• Task:
Exclude the pictures and repeat all of the data exactly.

• Raw data:
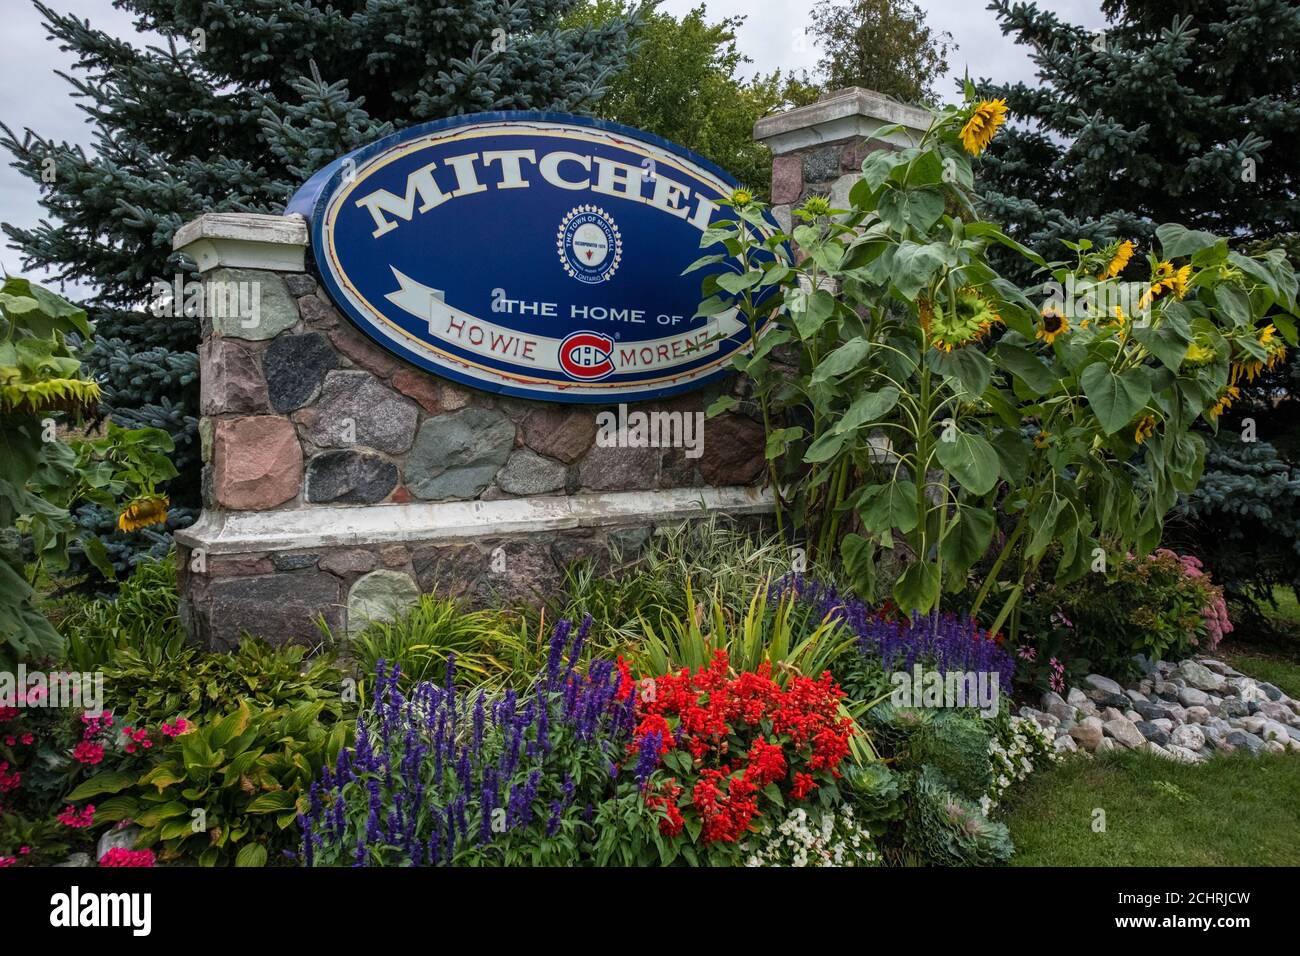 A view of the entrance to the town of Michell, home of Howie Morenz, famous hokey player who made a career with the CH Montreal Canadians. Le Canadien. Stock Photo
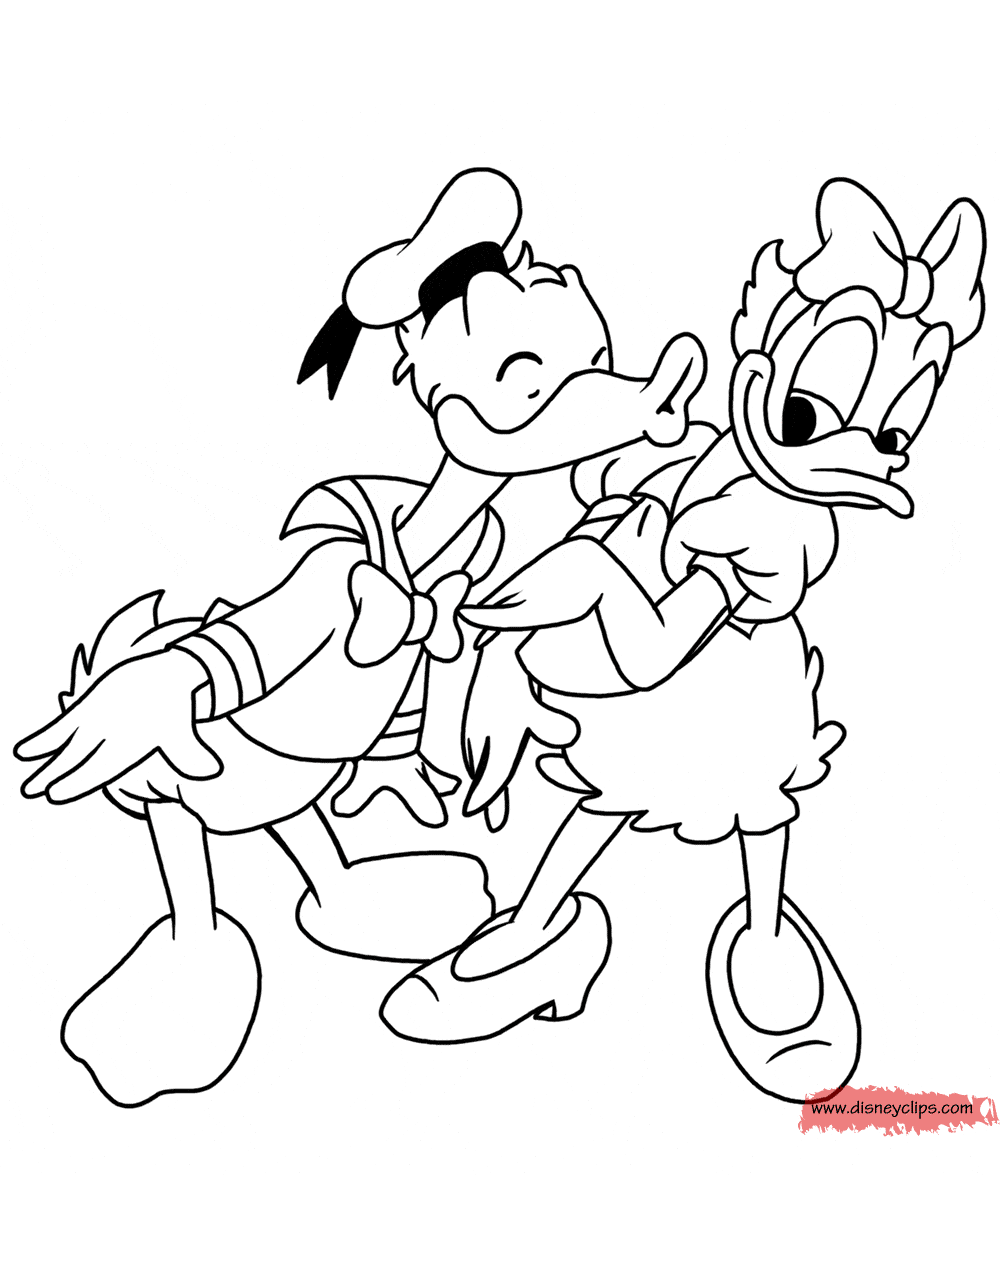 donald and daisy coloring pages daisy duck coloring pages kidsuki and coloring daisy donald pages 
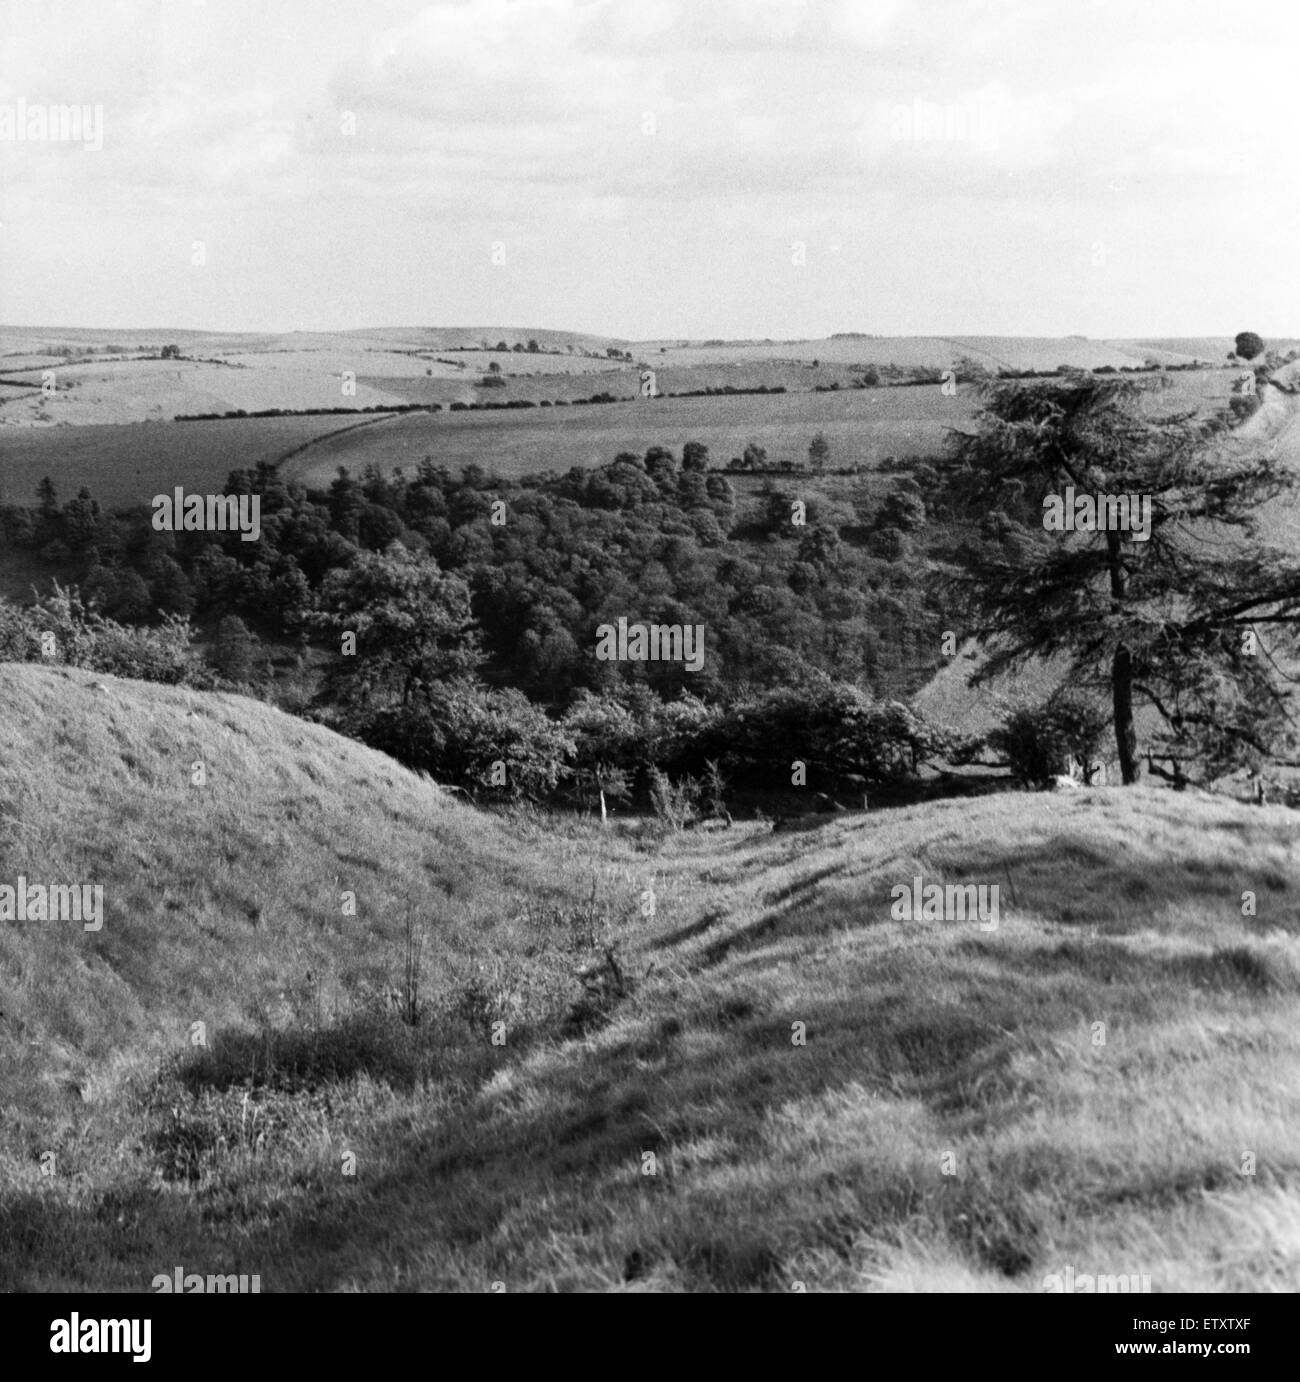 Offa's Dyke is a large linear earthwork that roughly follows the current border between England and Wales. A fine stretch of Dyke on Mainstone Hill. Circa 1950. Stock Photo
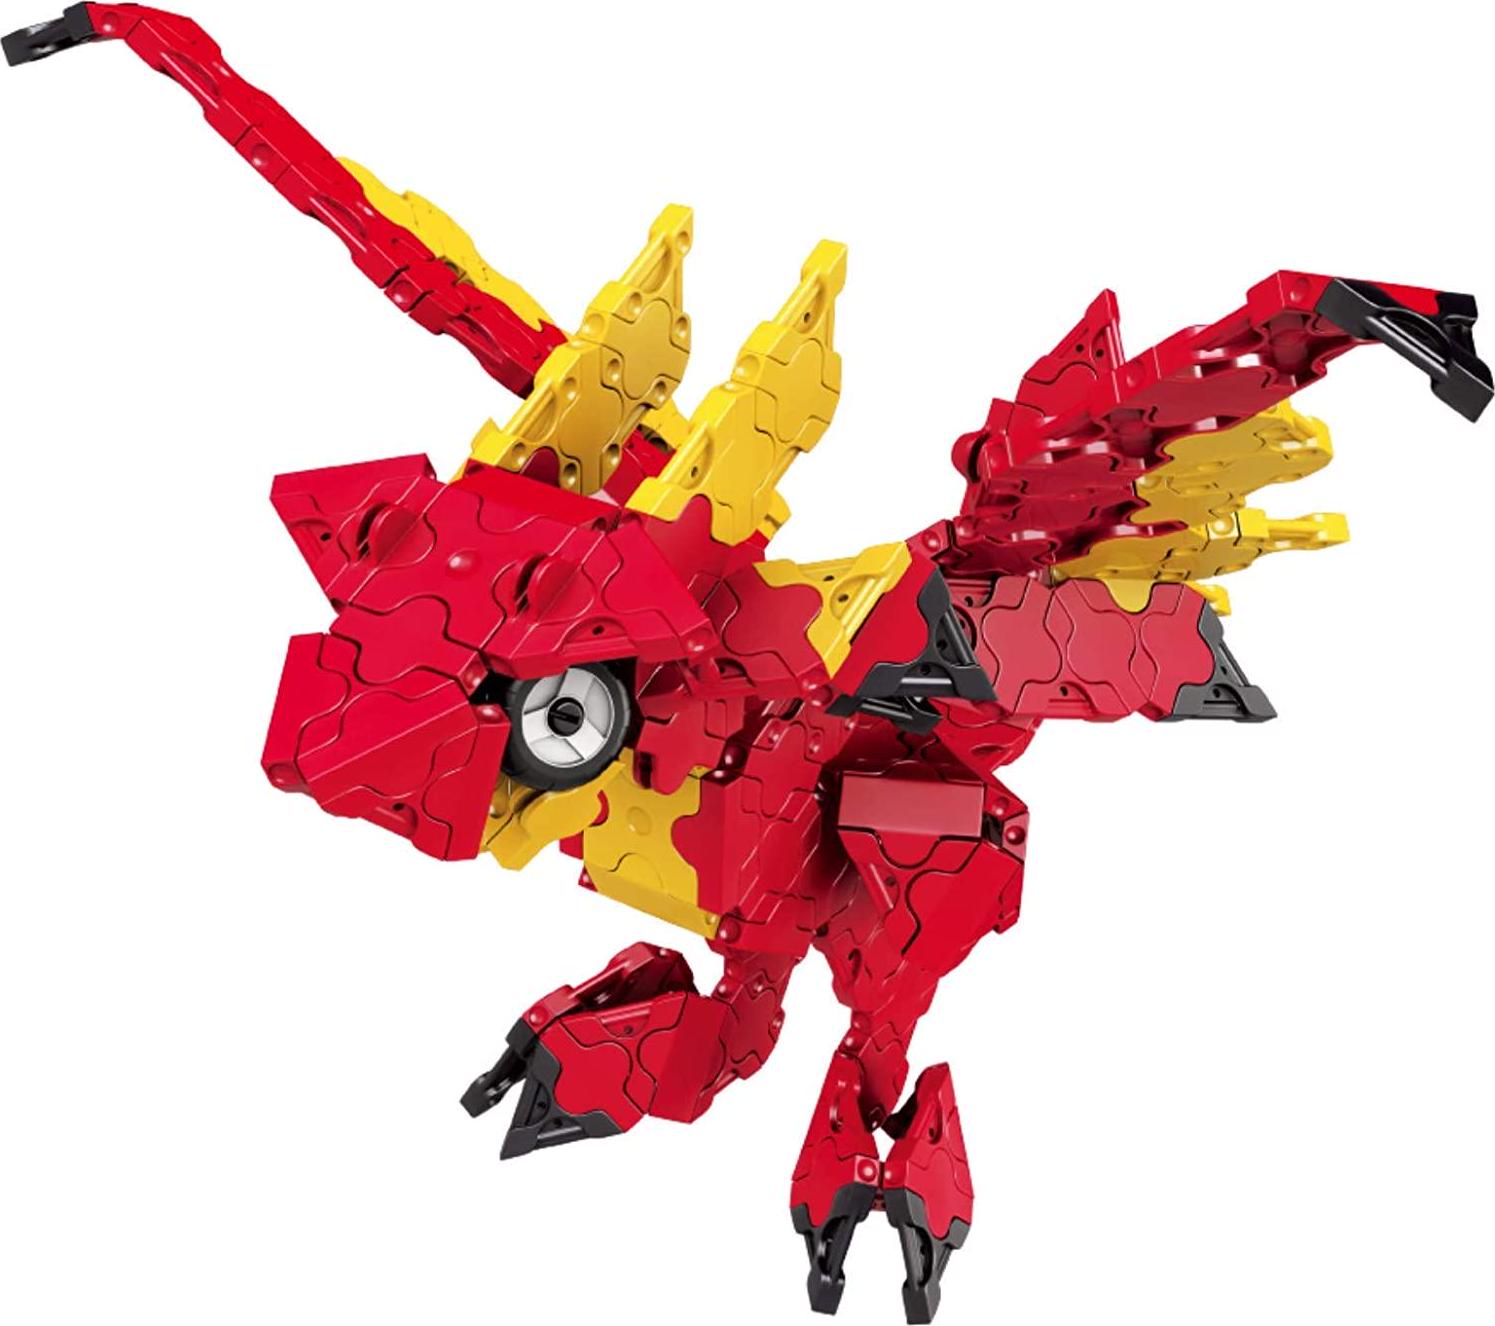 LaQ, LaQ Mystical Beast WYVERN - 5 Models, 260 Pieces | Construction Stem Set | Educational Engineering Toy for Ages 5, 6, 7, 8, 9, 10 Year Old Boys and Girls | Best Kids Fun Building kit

• Answer for the task:
 A view of the entrance to the town of Michell, home of Howie Morenz, famous hokey player who made a career with the CH Montreal Canadians. Le Canadien. Stock Photo
 donald and daisy coloring pages daisy duck coloring pages kidsuki and coloring daisy donald pages 
 Offa's Dyke is a large linear earthwork that roughly follows the current border between England and Wales. A fine stretch of Dyke on Mainstone Hill. Circa 1950. Stock Photo
 LaQ, LaQ Mystical Beast WYVERN - 5 Models, 260 Pieces | Construction Stem Set | Educational Engineering Toy for Ages 5, 6, 7, 8, 9, 10 Year Old Boys and Girls | Best Kids Fun Building kit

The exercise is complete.